This graph contains an edge between two given monomers (X, Y) if all of the following conditions are met:
X != Y (string equality on “{pdb_id}_{chain}”)
Similarity score is greater than <score_thr>
Similarity score is less than <upper_threshold>
Alignment length is greater than <min_length>
The conditions constitute requirements for a “valid” alignment.
This graph contains exactly one node for a monomer in <alignment_file> IFF the monomer has at least one valid alignment. This means that the output graph does not necessarily contain all monomers.

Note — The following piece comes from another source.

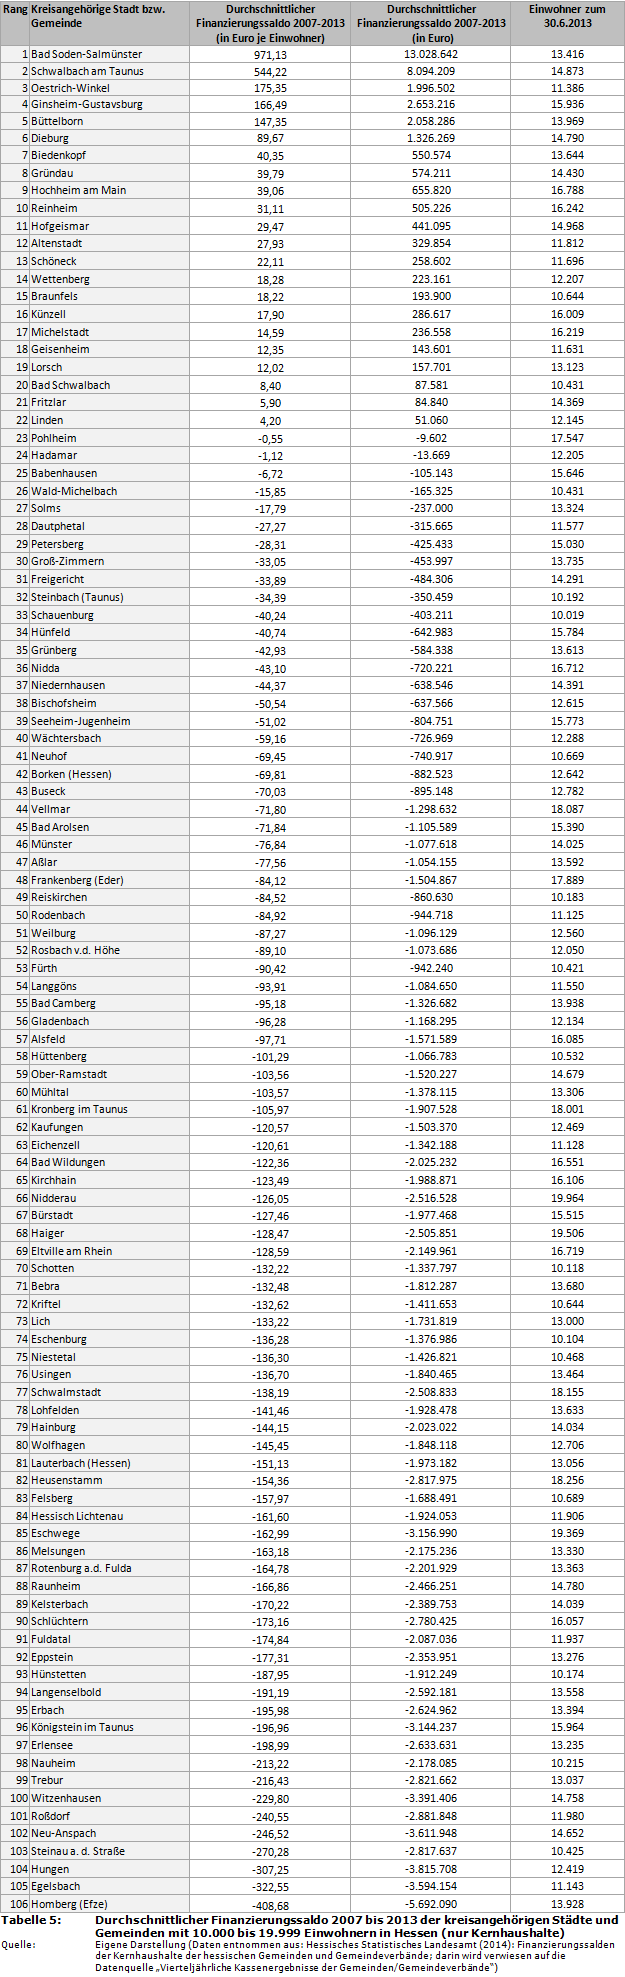 Durchschnittlicher Finanzierungssaldo 2007 bis 2013 der kreisangehörigen Städte und Gemeinden mit 10.000 bis 19.999 Einwohnern in Hessen (nur Kernhaushalte)

The edge score between X and Y is defined as the score of one valid alignment between X and Y in the alignment file.
- Parameters:
- alignment_filePath
Path to a pre-filtered alignment parquet file converted from original alignment format to parquet via foldseek_utils.alignment_to_parquet. Expects specific formatting.
- Returns:
- nx.DiGraph
Graph containing nodes (monomers) and integer-weighted edges.
Notes
Possible issue arises from the fact that scores are not symmetric, but only one score is kept. Which score this is depends on alignment file order.
- pinder.data.graph_utils.sample_pairs_from_clusters(clusters: dict[str, list[str]], length_file: str | None = None) tuple[set[str], set[str]] [source][source]#
Sample pairs from clusters
- pinder.data.graph_utils.system_to_pdb_chain_id(system_id: str) str [source][source]#
Removes the uniprot component of a pinder monomer id
- Parameters:
- system_id: str
The PINDER System monomer ID string
- Returns:
- str
The pdb_chain monomer ID, includes trailing chain digits
- pinder.data.graph_utils.system_id_to_fsid_pair(system_id: str) tuple[str, str] [source][source]#
Transform a PINDER System ID to a pair of Foldseek chain IDs
- Parameters:
- system_id: str
The PINDER System ID string
- Returns:
- tuple[str, str]
The pair of Foldseek chain IDs
- pinder.data.graph_utils.system_monomer_to_fsid(system_monomer: str) str [source][source]#
Transform a PINDER System monomer ID to a Foldseek chain
- Parameters:
- system_id: str
The PINDER System monomer ID string
- Returns:
- str
The Foldseek chain ID
- pinder.data.graph_utils.interface_monomer_to_system_monomer(interface_monomer: str) str [source][source]#
Transform an Interface monomer ID to a PINDER System monomer ID
This essentially ammounts to removing “-R” or “-L” from the end
- Parameters:
- system_id: str
The Interface monomer ID string
- Returns:
- str
The PINDER System monomer ID string
- pinder.data.graph_utils.get_interface_graph(alignment_graph: DiGraph, interfaces: dict[tuple[str, str], list[Interface]], coverage: float = 0.75) Graph [source][source]#
Create an interface_graph using an alignment graph and interface map, then remove nodes from the interface graph if those nodes are not in a specified nodeset.
- Parameters:
- alignment_graph: nx.DiGraph
The alignment graph to use as a supergraph for interface graph construction. Nodes are monomer ID strings (foldseek format), edge (A, B) in G if A, B are foldseek-similar.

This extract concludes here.